The defense introduced testimony from five mental health experts: Dr. John Rabun, a psychiatrist who evaluated Mr. Taylor for the purposes of determining his mental state at the time of the murder; Dr. William Eikerman, a psychiatrist who treated Mr. Taylor at Biggs Correctional Unit at Fulton State Hospital; Mr. Gary Selbert, a licensed counselor and the chief of mental health at Potosi Correctional Center; Dr. Bruce Harry, a psychiatrist who treated Mr. Taylor at Biggs; and Dr. Ahsan Syed, a psychiatrist at Biggs who treated Mr. Taylor in 1998. These witnesses testified that Mr. Taylor was suffering from paranoid schizophrenia in which he had auditory hallucinations and committed delusional acts of self-mutilation and that Mr. Taylor was not malingering. Of these five witnesses, only one, Dr. Rabun, testified that Mr. Taylor lacked the capacity to know and appreciate the nature, quality, or wrongfulness of his conduct at the time of the murder. The parties also stipulated that the prison staff was administering Trazadone, an anti-depressant medication, to Mr. Taylor at the time of the murder, although there was evidence he was not taking it before the murder.

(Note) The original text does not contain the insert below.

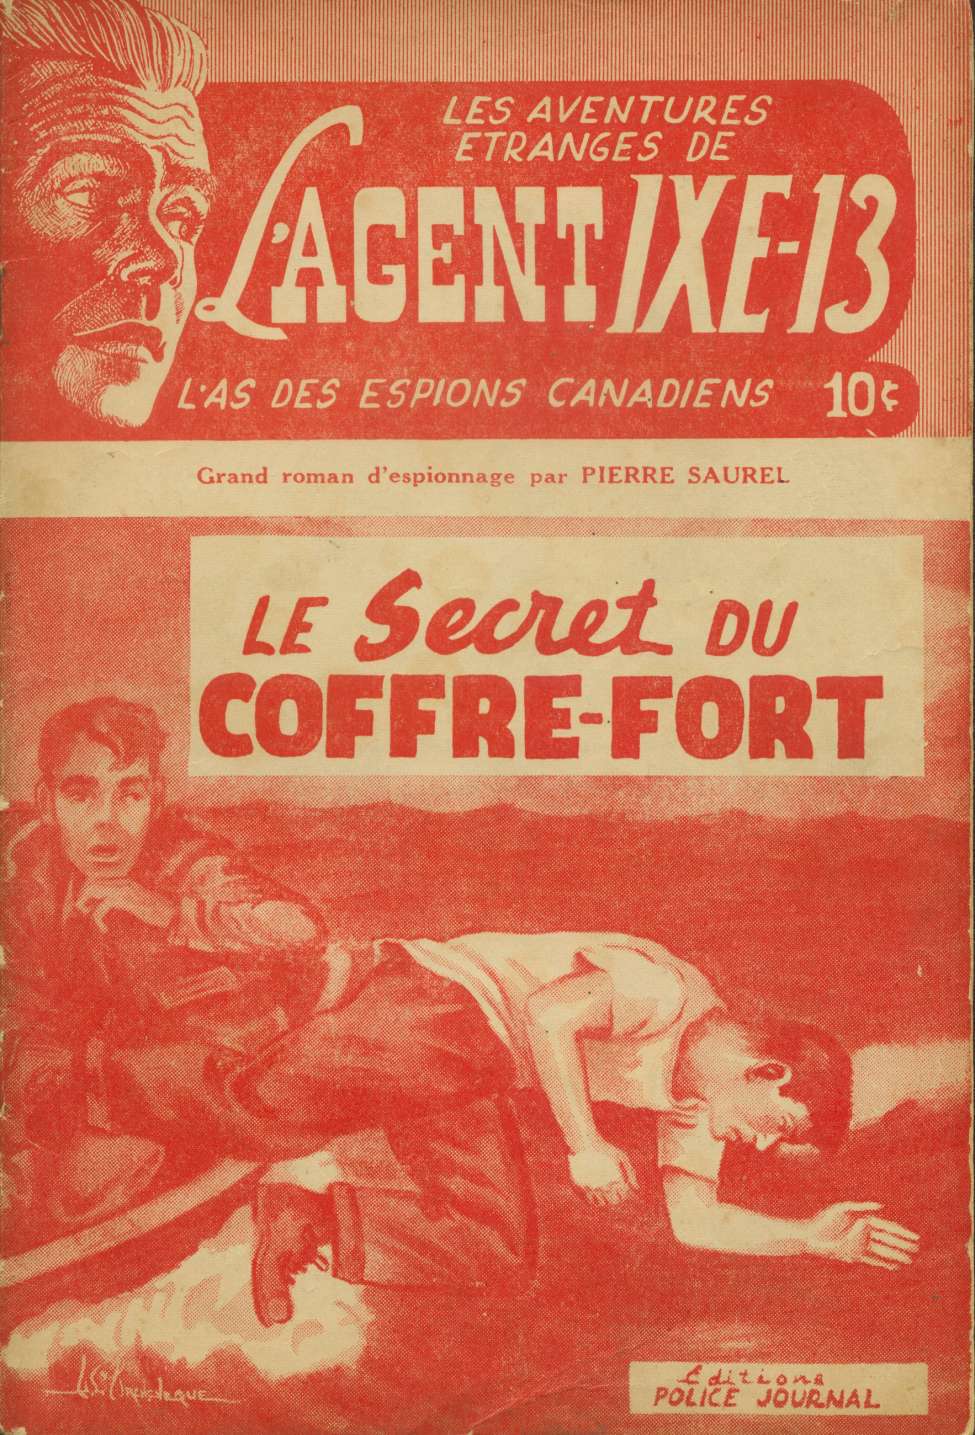 Book Cover For L'Agent IXE-13 v1 6 - Le secret du coffre-fort
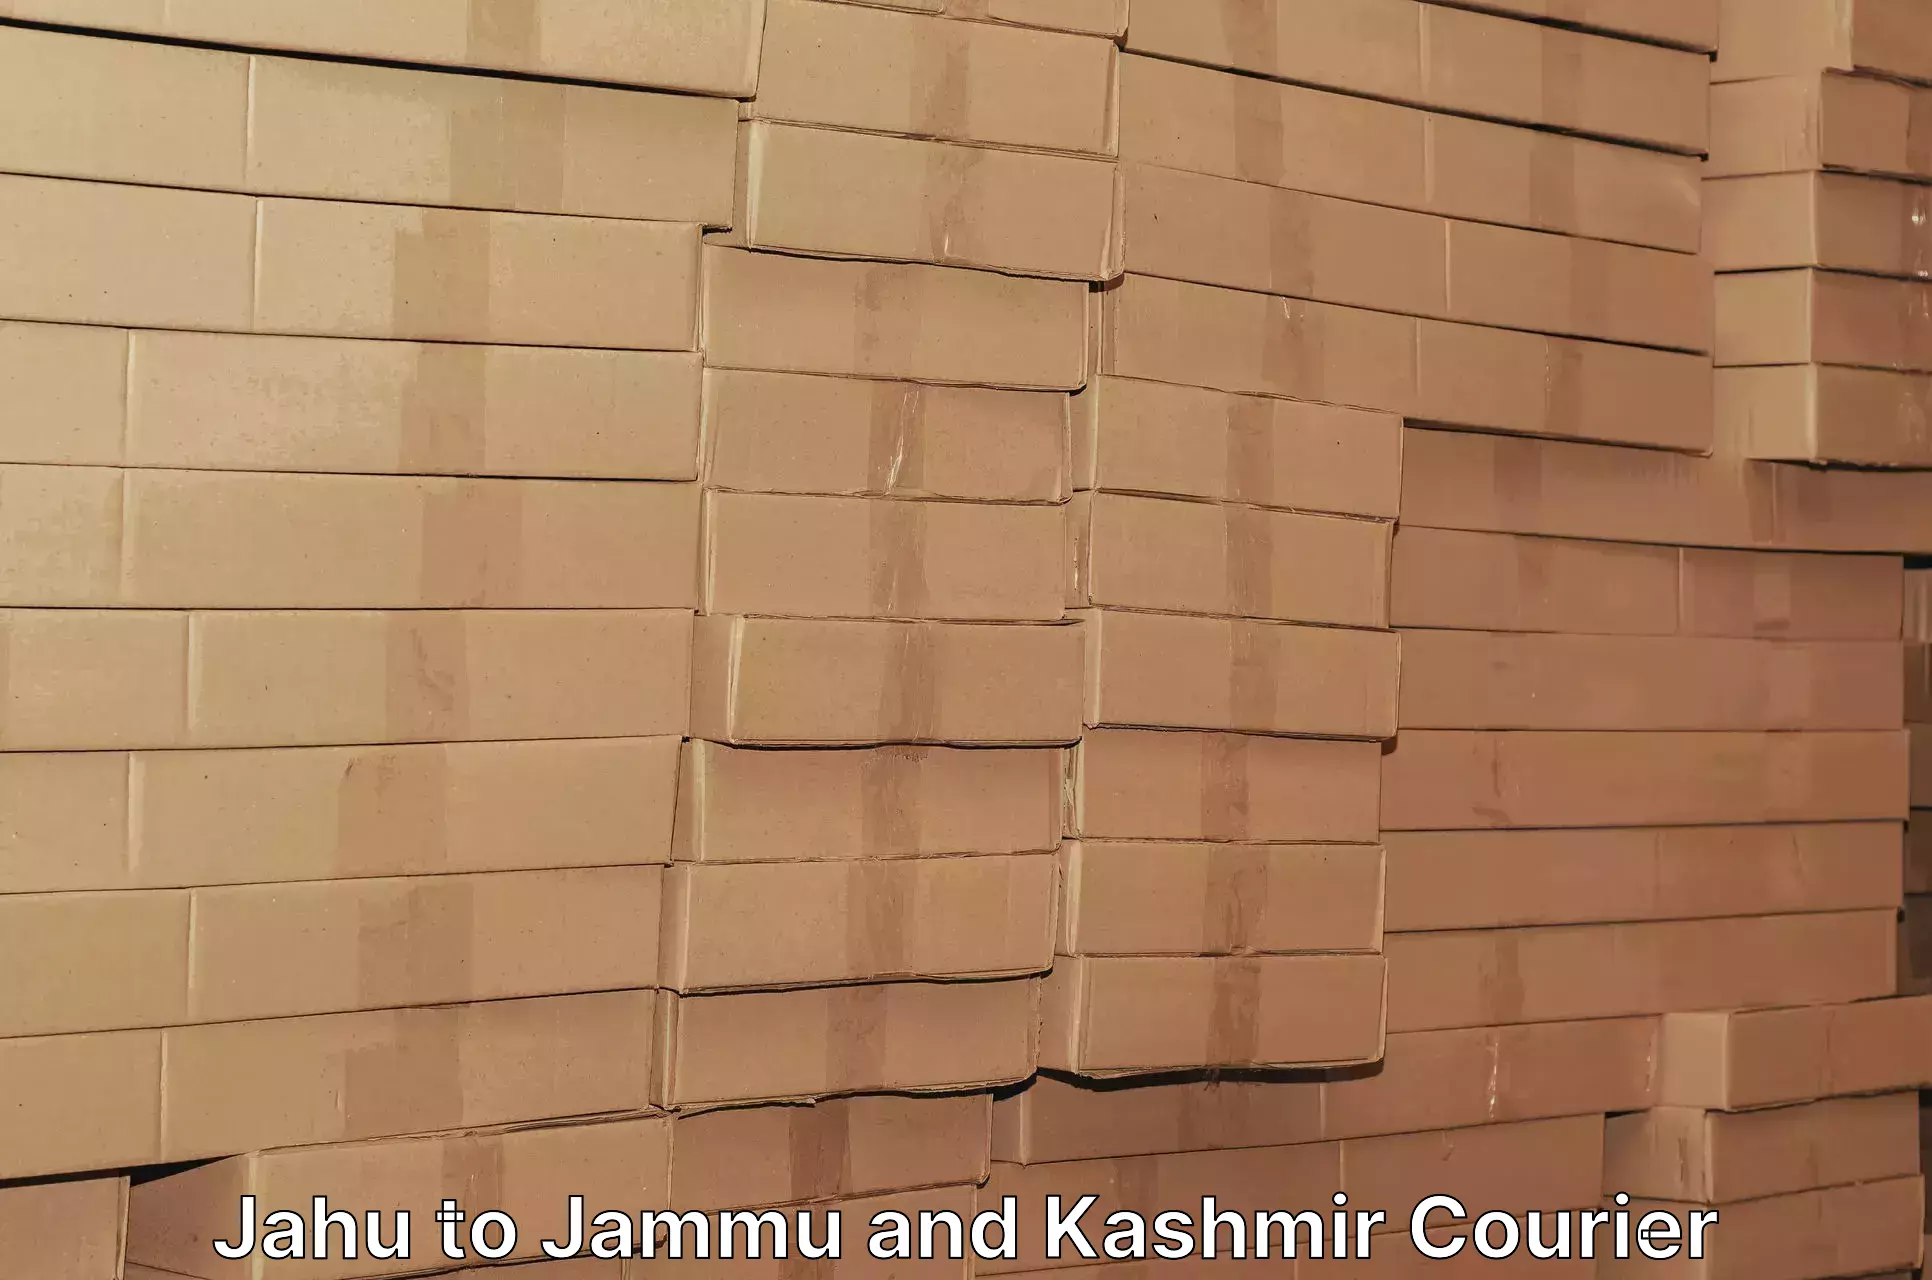 Secure shipping methods Jahu to Sunderbani

In rebuttal, the state introduced testimony from three experts: Dr. Christy Blanchard, a clinical psychologist who administered a test to Mr. Taylor in October 2001; Dr. Richard Scott, a forensic psychologist who evaluated Mr. Taylor’s competence to stand trial in 1996 for his classmate’s murder; and Dr. David Vlach, a forensic psychiatrist who evaluated Mr. Taylor in fall 2001 to determine his competency to stand trial and in spring 2002 to determine his mental state at the time of the crime. Dr. Blanchard testified that the personality test she administered to Mr. Taylor rendered invalid results that might suggest malingering. Despite Mr. Taylor’s long history of mental health issues and treatment, Drs. Scott and Vlach both testified that Mr. Taylor suffered from no mental health problems, but rather was malingering.